As a final example and an 'application' of the techniques above we can use SQL to compute the number of days year (or rather in a sidereal year, see the link for additional details). We find a result that is in agreement with measurements with 6 significant digits.
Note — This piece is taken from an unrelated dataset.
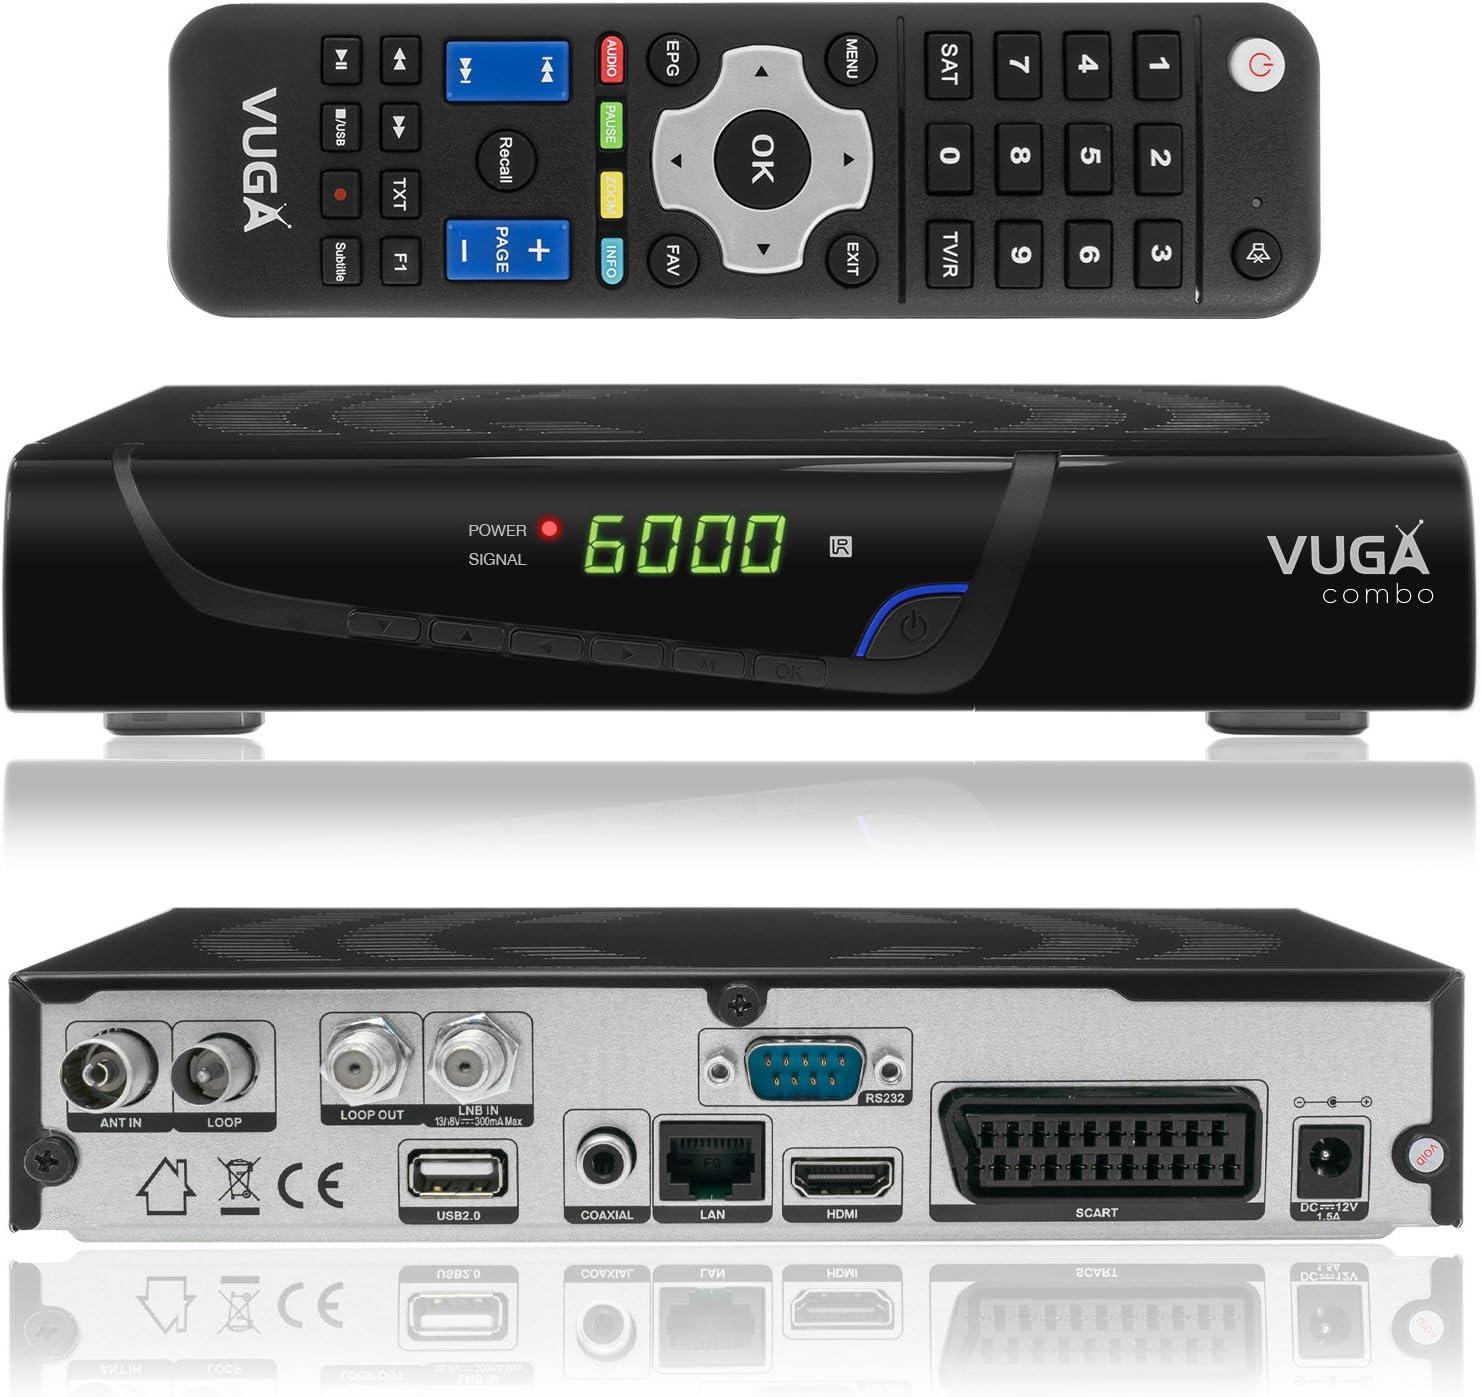 Vuga Combo Full Hdtv H 265 Digital Satellite Receiver Elektronik

This is an interesting result considering that it is obtained with just a few lines of SQL!

**-- SQL to compute the number of days in one sidereal year**

**-- A sidereal year is the time taken by the Earth to orbit**

**-- the Sun once with respect to the fixed stars.**

**-- This builds on the equation and SQL discussed in example N.3**

**define dT=.1**

**define aph=152098233**

**define GM=132712838618000000**

**define v_aph=29291**

**define maxT=40000**

**select round(t*1000/(3600*24),3) days_in_a_sidereal_year from (**

**WITH data(step, t,x,y,vx,vy,ax,ay) AS (**

**SELECT 0 step,cast(0 as binary_double) t,cast(&aph as binary_double) x,cast(0 as binary_double) y,**

**cast(0 as binary_double) vx, cast(&v_aph as binary_double) vy,**

**cast(-&GM/power(&aph,2) as binary_double) ax, cast(0 as binary_double) ay FROM dual**

**UNION ALL**

**SELECT step+1, t+&dT, x+vx*&dT+0.5*ax*&dT*&dT, y+vy*&dT+0.5*ay*&dT*&dT,**

**vx+0.5*(ax-&GM*(x+vx*&dT)/power(x*x+y*y,1.5))*&dT,**

**vy+0.5*(ay-&GM*(y+vy*&dT)/power(x*x+y*y,1.5))*&dT,**

**-&GM*(x+vx*&dT+0.5*ax*&dT*&dT)/power(power(x+vx*&dT,2)+power(y+vy*&dT,2),1.5),**

**-&GM*(y+vy*&dT+0.5*ay*&dT*&dT)/power(power(x+vx*&dT,2)+power(y+vy*&dT,2),1.5)**

**FROM data WHERE t < &maxT**

**)**

**SELECT step,t,y,lead(y) over(order by step) next_y FROM data**

**) where y<0 and next_y>0;**

**DAYS_IN_A_SIDEREAL_YEAR**

**-----------------------**

**365.256**

### Conclusions:

We have discussed in 4 examples the usage of Oracle SQL and in particular of**recursive subquery factoring**(recursive common table expressions)

**,**applied to solve selected cases of

**differential equations**of classical mechanics. Despite the simplifications and approximations involved, the technique has allowed us to

**compute the length of the sidereal year**with good precision. This

**method can be extended**to make calculation for more complex systems, such as systems of many particles.